I made my own sample data generator based on the examples you gave. I think it fits what you have, but let me know if it doesn't. If the data matches, don't worry about the specifics of how I made it.
rows = 6
cols = 5
np.random.seed(0)
data = pd.DataFrame(np.random.rand(rows, cols) * 100,
index=pd.DatetimeIndex(freq='d', start='1928-12-31', periods=rows))
nan_cols = len(data.columns) // 2
random_indices = zip(pd.Series(data.index.values[:-rows // 2])
.sample(nan_cols, random_state=1, replace=True),
pd.Series(data.columns).sample(nan_cols, random_state=2))

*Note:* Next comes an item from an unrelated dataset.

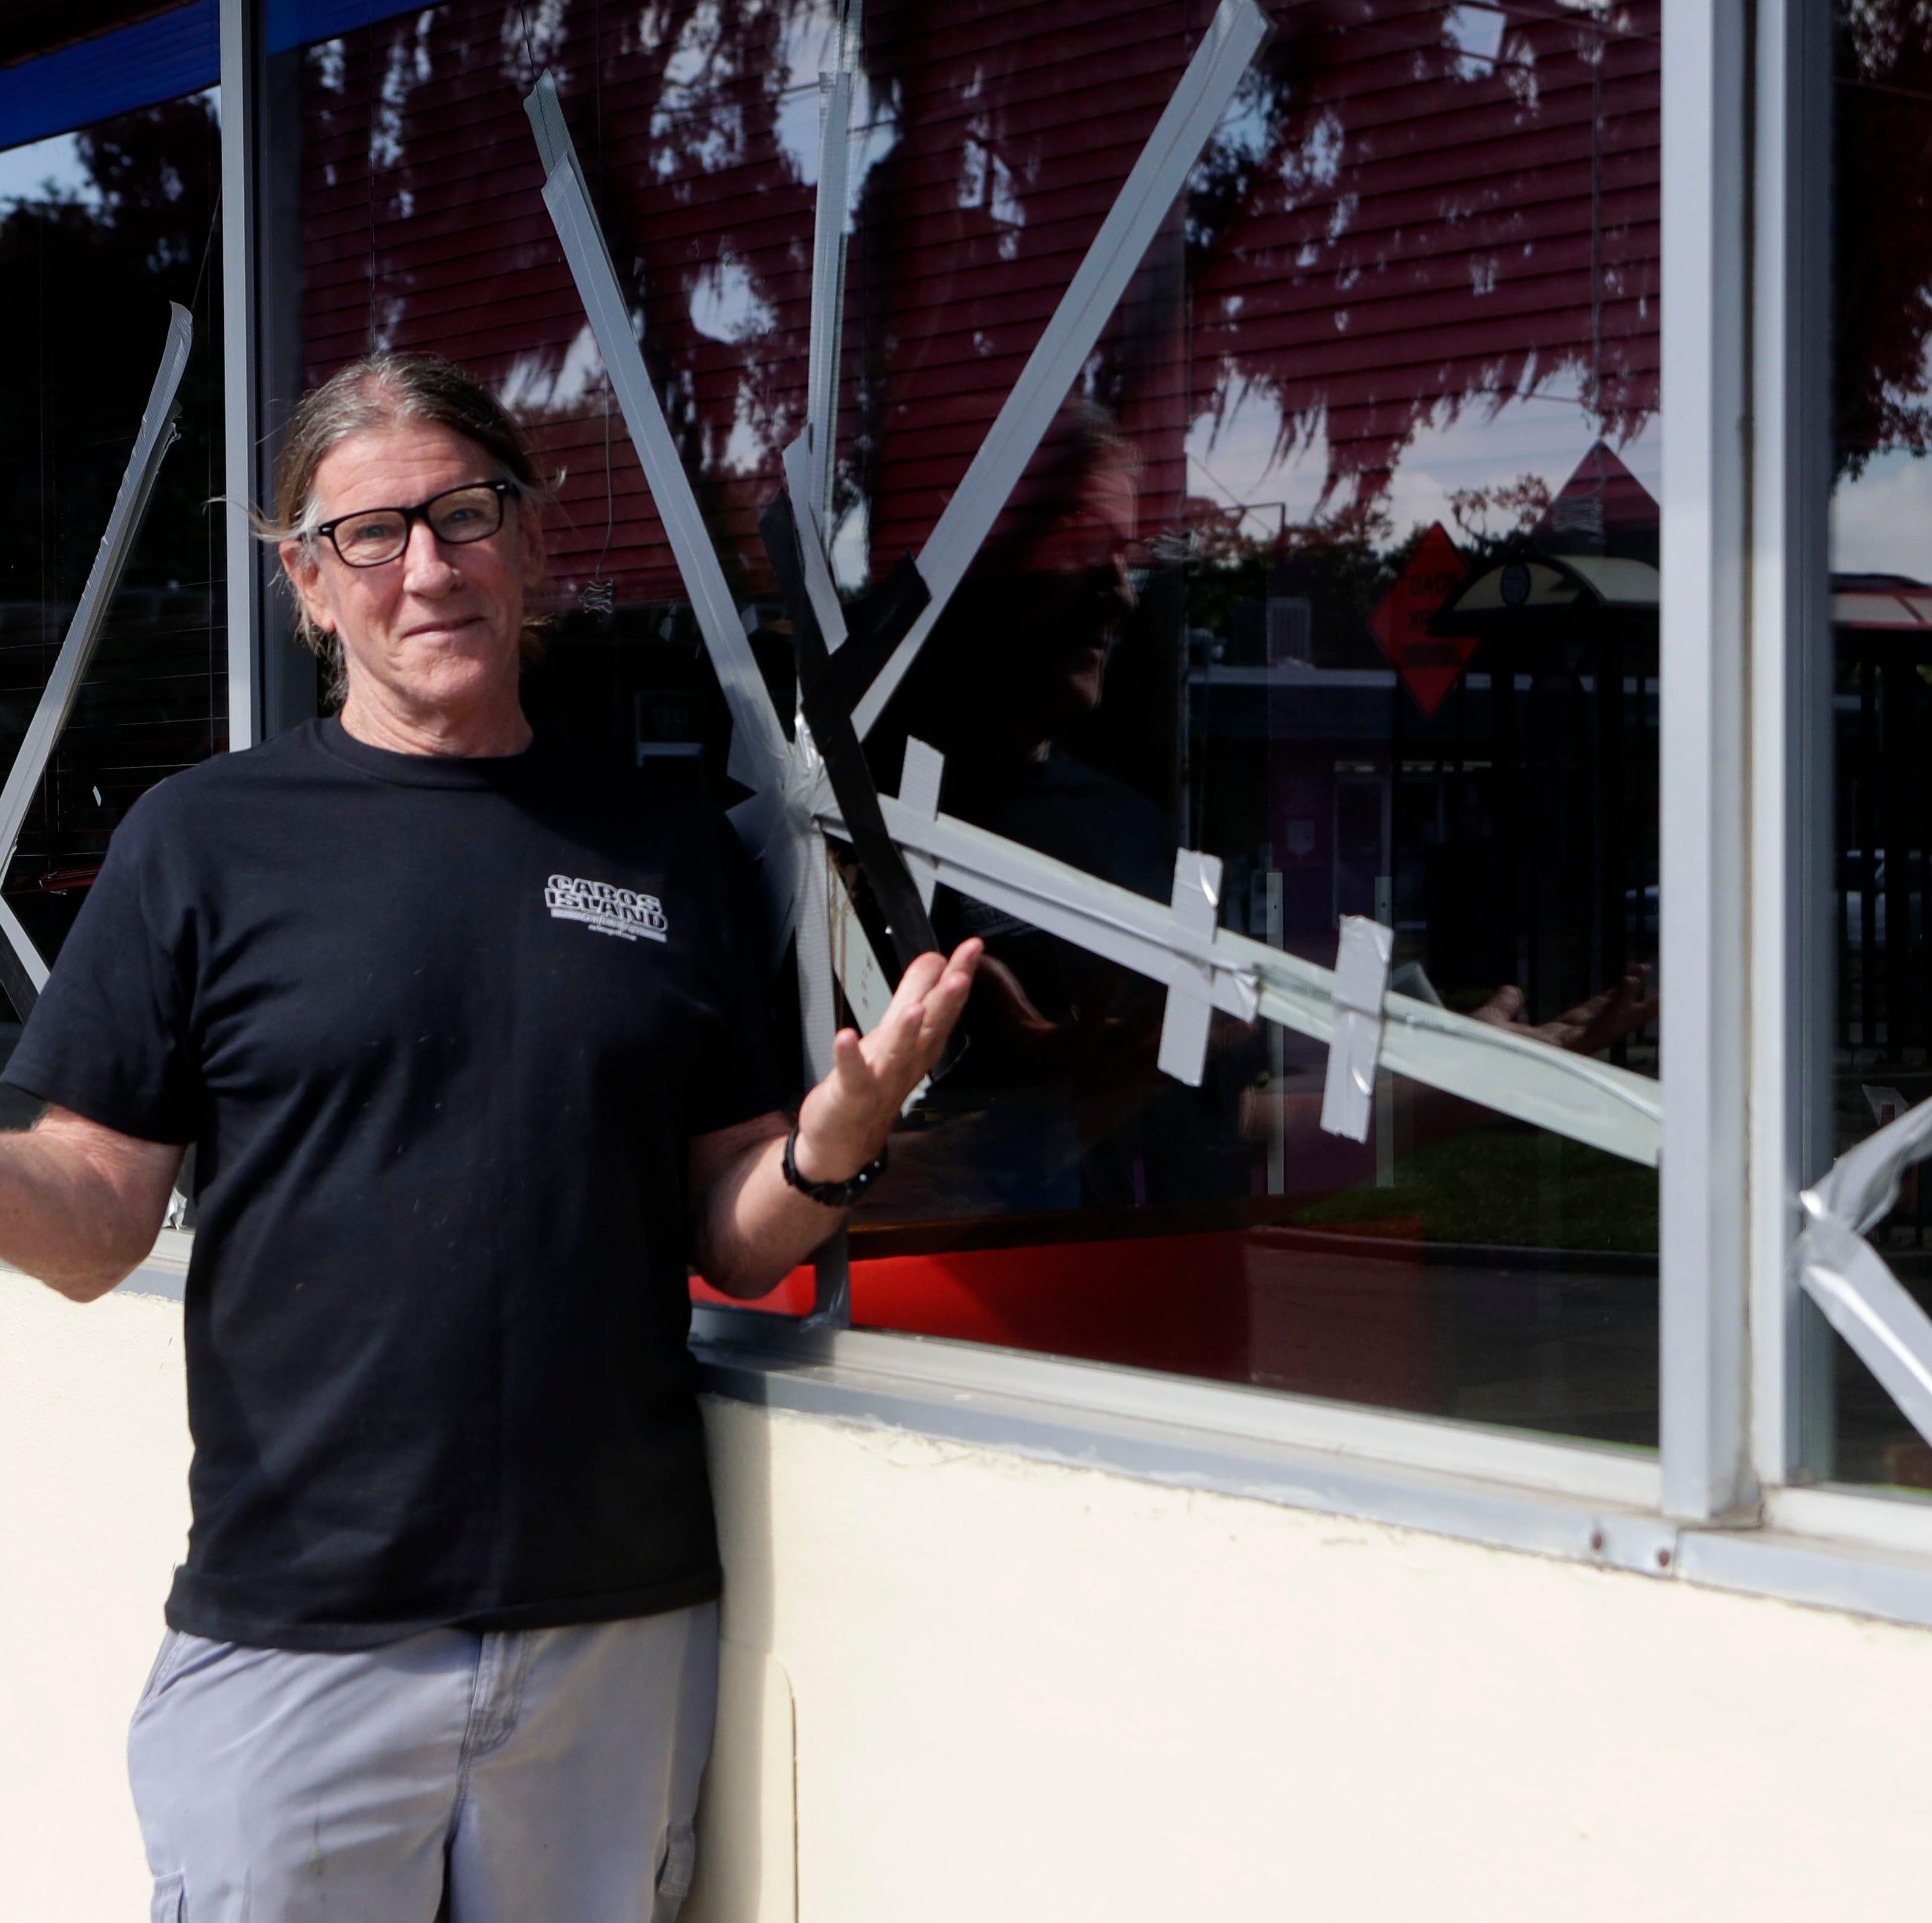 Man smashes windows at Cabo's restaurant, later apologizes
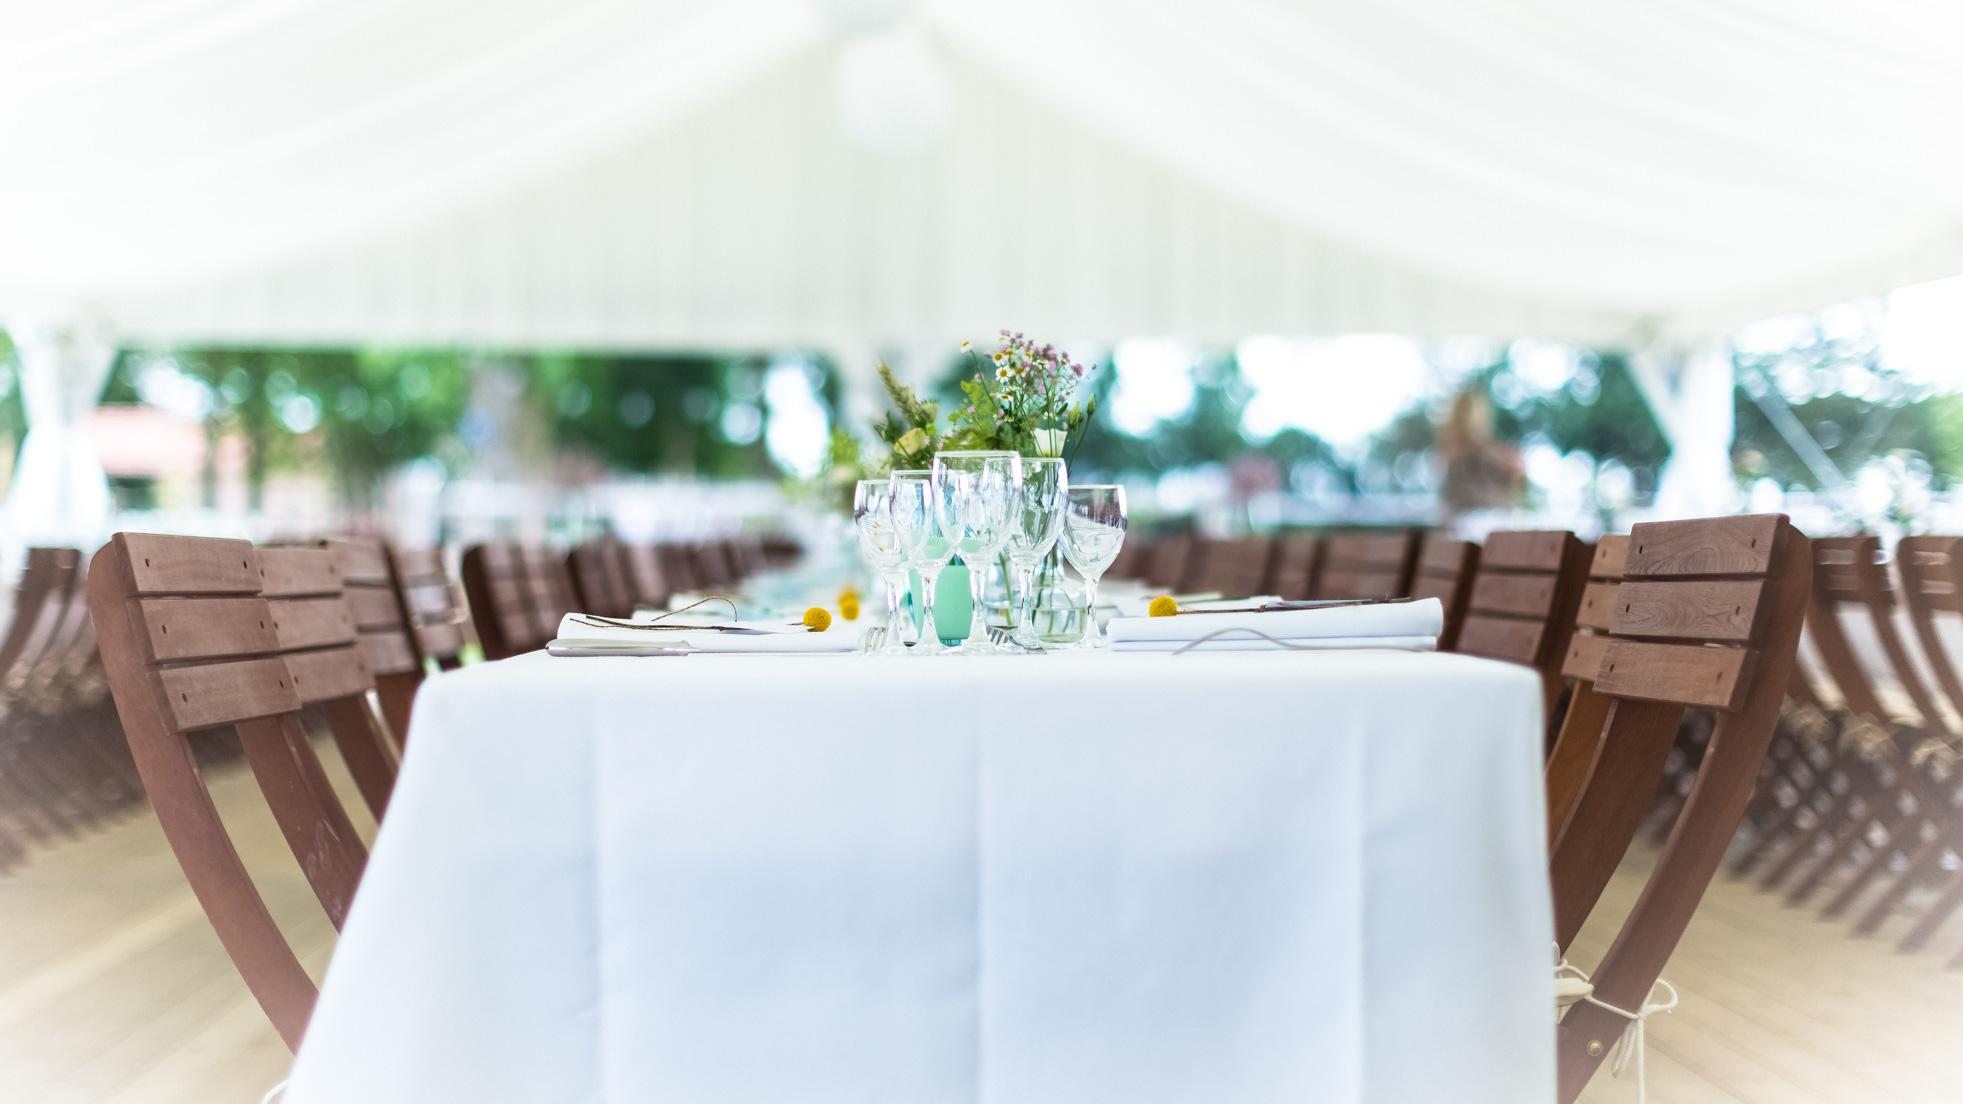 event table dressée.jpg

for row, col in random_indices:
data.loc[:row, col] = np.nan
MA_a_csv = data * (1 + (np.random.rand(rows, cols) / 50
* np.random.choice([-1, 1], size=(rows, cols))))
So data
looks like
0 1 2 3 4
1928-12-31 54.881350 71.518937 NaN 54.488318 NaN
1929-01-01 64.589411 43.758721 NaN 96.366276 38.344152
1929-01-02 79.172504 52.889492 56.804456 92.559664 7.103606
1929-01-03 8.712930 2.021840 83.261985 77.815675 87.001215
1929-01-04 97.861834 79.915856 46.147936 78.052918 11.827443
1929-01-05 63.992102 14.335329 94.466892 52.184832 41.466194
And MA_a_csv
looks like
0 1 2 3 4
1928-12-31 55.171734 72.626384 NaN 55.107778 NaN
1929-01-01 63.791557 44.294412 NaN 98.185186 38.867028
1929-01-02 78.603241 53.351780 57.597027 92.448175 7.008877
1929-01-03 8.829794 2.013333 83.047291 77.324770 86.368349
1929-01-04 98.977844 80.616881 45.235708 77.893620 11.876852
1929-01-05 63.785651 14.522579 94.945445 52.671519 41.668902
I ran it through something that looks like your gen_a
, and then made a vectorized version that gets the same answer:
logs = np.log(MA_a_csv / data)
ans = ((j > logs) & (logs > -j)).replace({True: 1, False: 0})
Where ans
is
0 1 2 3 4
1928-12-31 1 0 0 0 0
1929-01-01 0 0 0 0 0
1929-01-02 1 1 0 1 0
1929-01-03 0 1 1 1 1
1929-01-04 0 1 0 1 1
1929-01-05 1 0 1 1 1
np.log
can operate on the whole array at once, and pandas is probably doing something fancy to vectorize the greater-than comparisons as well. The &
is a bit-wise and, so it's just checking that both conditions are true for each position.
And this runs ~180 times faster than my version of gen_a
, which didn't have the try/except or print statements, so it should be an even greater improvement for your code.
You also don't need the .replace({True: 1, False: 0})
part - in Python 1 == True
is True, as is 0 == False
, so you should be able to use them interchangeably.
Let me know if you have any issues with that. For further reading, I suggest Tom Augspurger's Modern Pandas articles - particularly applicable is the Fast Pandas section.